Mycoplasma genitalium chromosome shown with predicted open reading frames (genes). For each ORF, a homology search (tblastx) was done in the UniProtKB protein database. For the best 50 hits, GO terms were retrieved. If two genes have homologs with the same GO term, they are connected with a line. Genes are shown as thick lines on the circle (chromosome), inwards and outwards for sense and anti-sense strand respectively.

Really doesn't show anything useful, but looks beautiful (to me). GO (gene ontology) is a controlled vocabulary that is used to annotate genes with terms describing function, localization, regulation etc. So, if two genes share GO terms, they have something in common. So at least you could say it shows that no gene stands alone. There is potential, though. An interactive version of that graph could filter by GO term categories (showing, for example, only amino acid biosynthesis genes) or let the user select single genes and track their relationships. More information could be packed into the graph by relating line thickness to e-Values of homolog scores or other statistical measures.
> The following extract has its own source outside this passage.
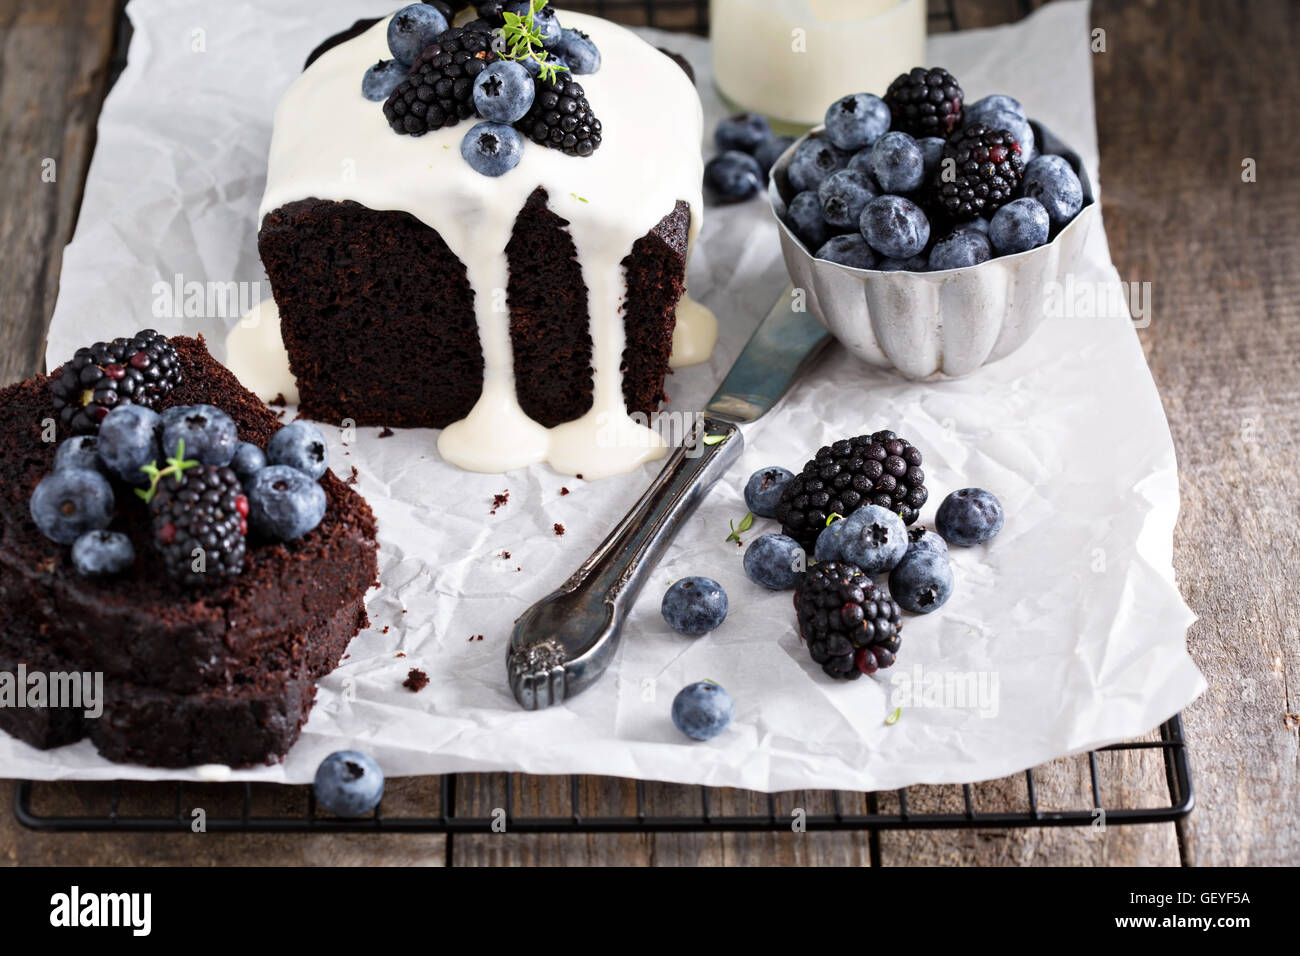 Chocolate loaf cake with thick yogurt glaze - Stock Image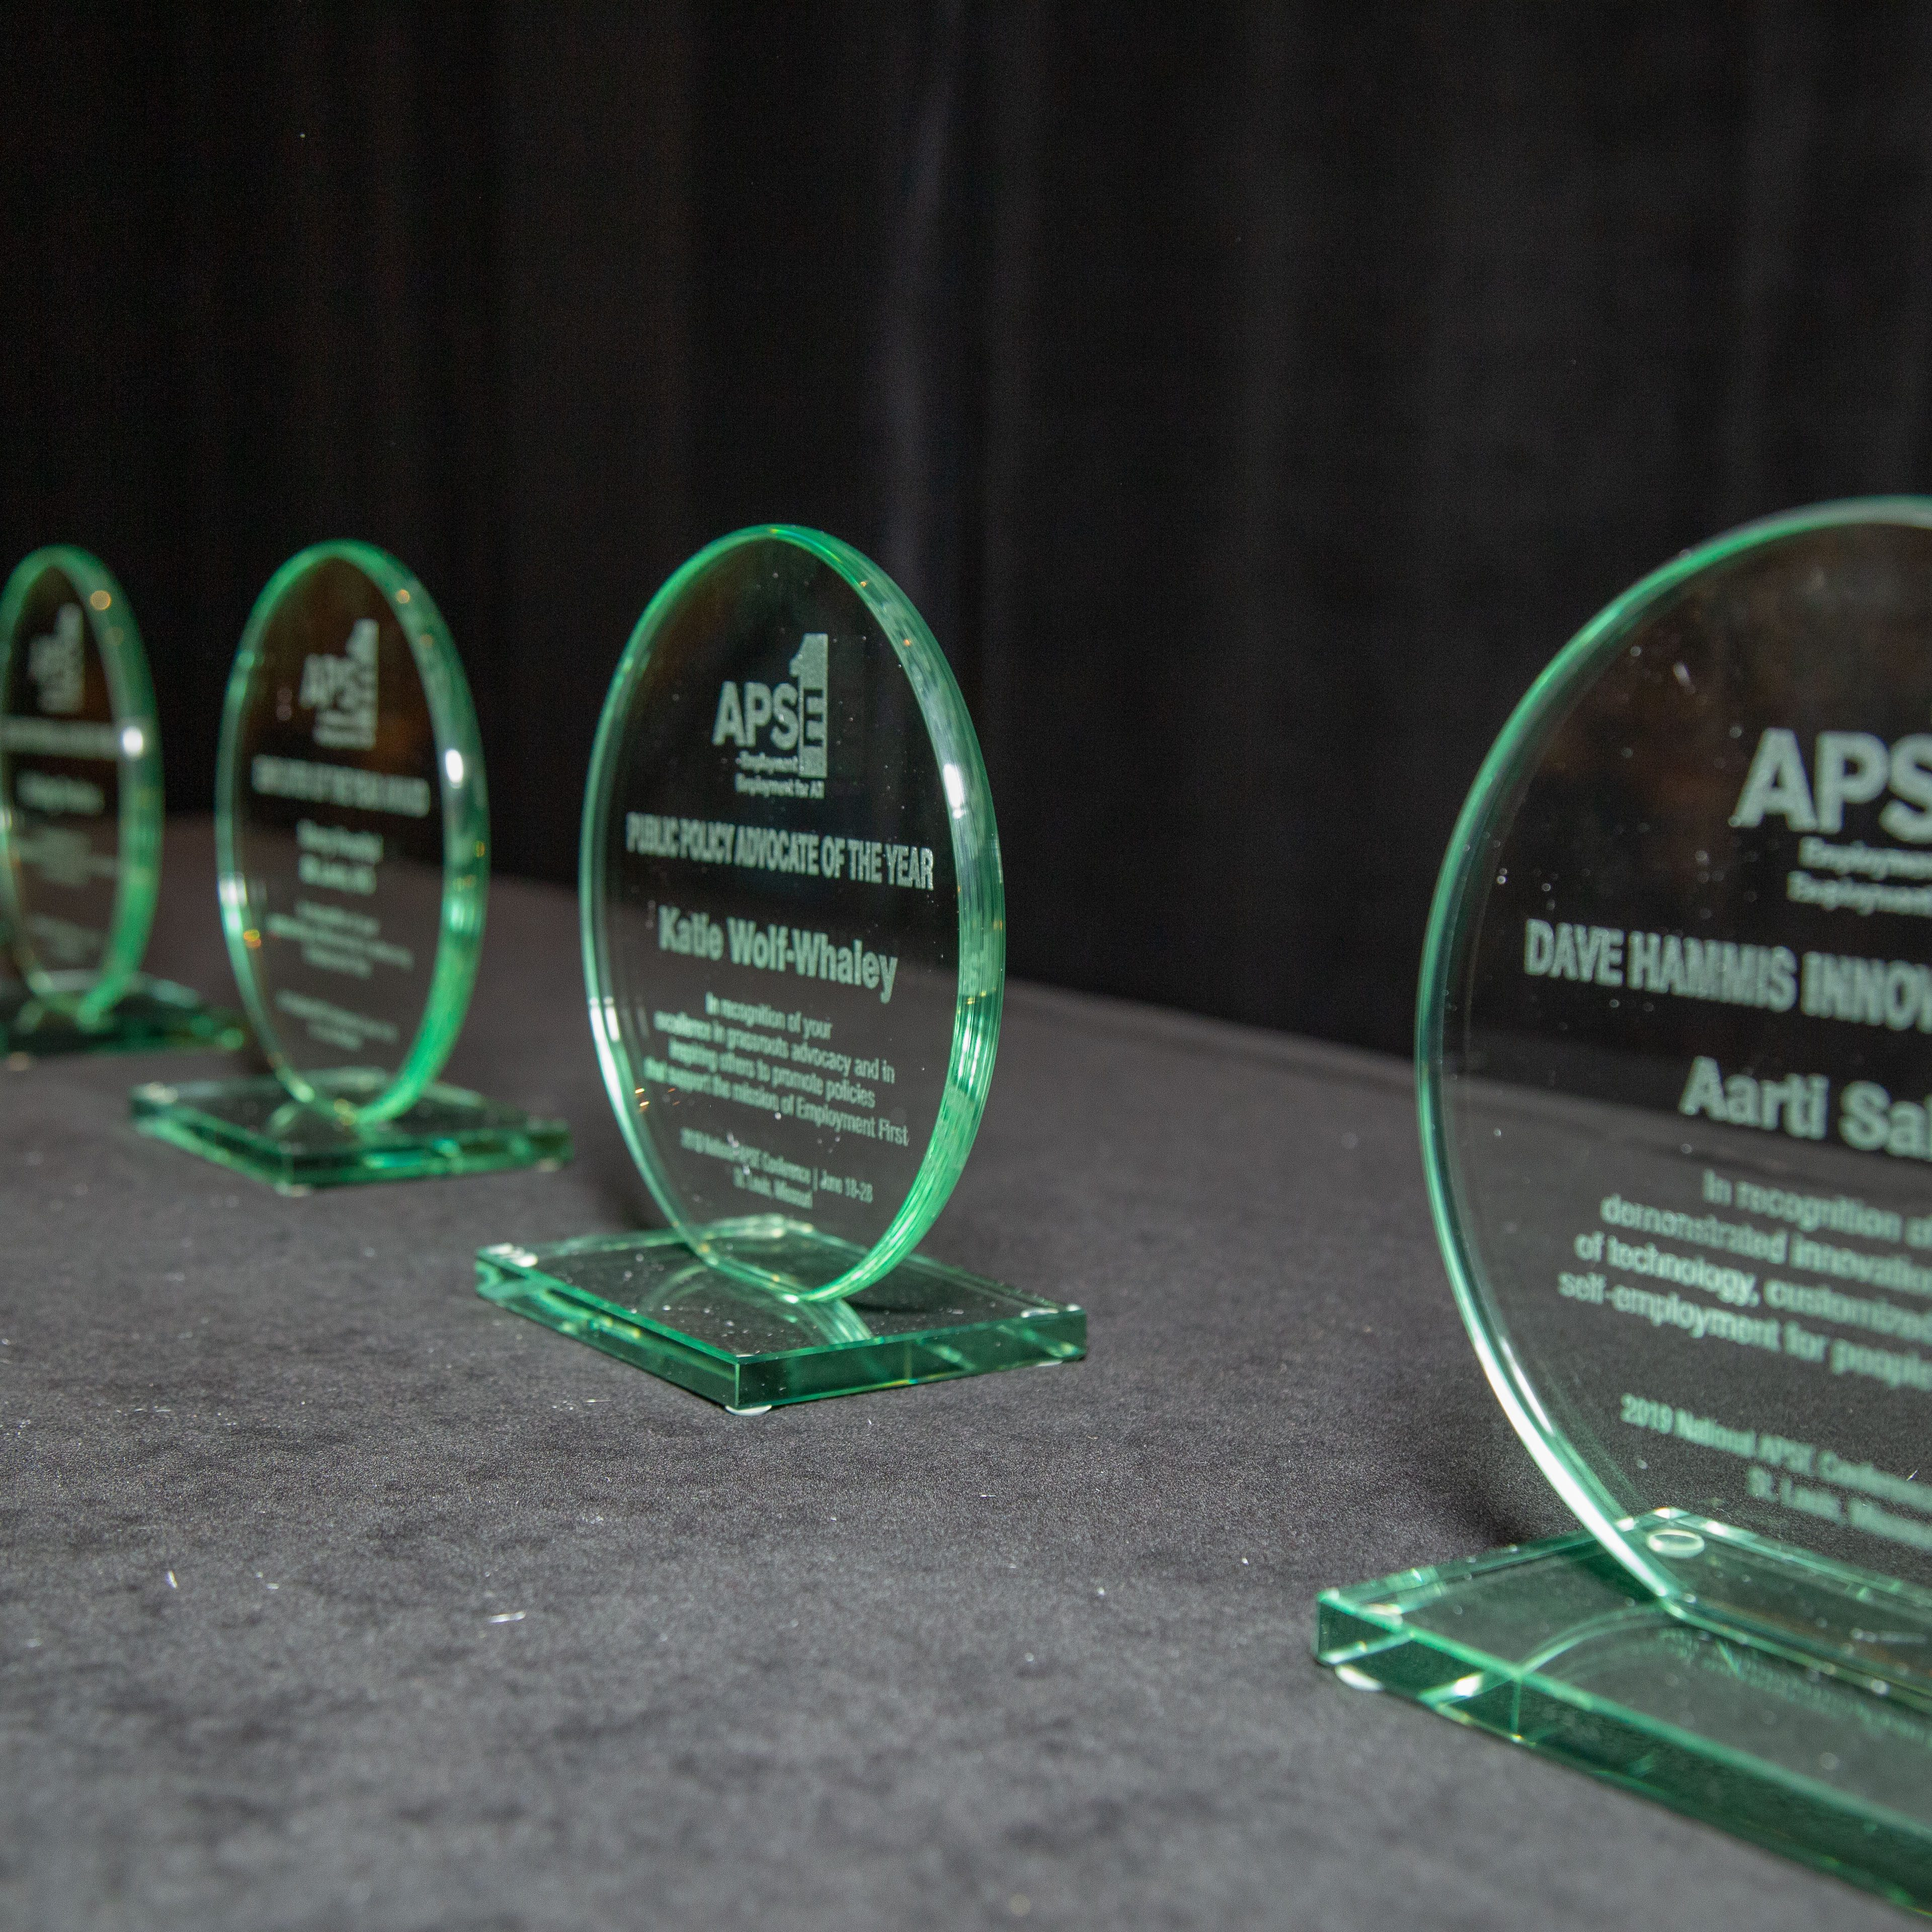 APSE 2019 Awards

The data was generated during the preparation of a systems biology course, were students have to do a simplified metabolic reconstruction from the M. genitalium genome sequence. I managed to put a little visualization in there by letting them produce hierarchical graphs of Gene-Protein-Reaction relationships and metabolic network layouts.

Using R and Perl for data analysis, Processing for visualization.

The KEGG Module database (http://www.genome.jp/kegg/module.html) consists of functional subunits of metabolic pathways. They might be shared and reused in different pathways and describe a particular metabolic activity or pattern. This graph relates pathways (nodes arranged on the innermost circle) to modules (middle circle) to enzymes (outer circle), which form a hierarchy: An enzyme can take part in different modules, which might be part of different pathways. Lines between the circles represent this relationship. The lines are drawn outwards, go clockwise around the circle and then outwards to the connected node. Radius lengths based on the positions of the connected nodes produce the spiral shape. The bars for each node show the out- (blue) and in-degree (orange), i.e. the number of modules this pathway is made out of, the number of enzymes making up that module and the number of modules an enzyme takes part in.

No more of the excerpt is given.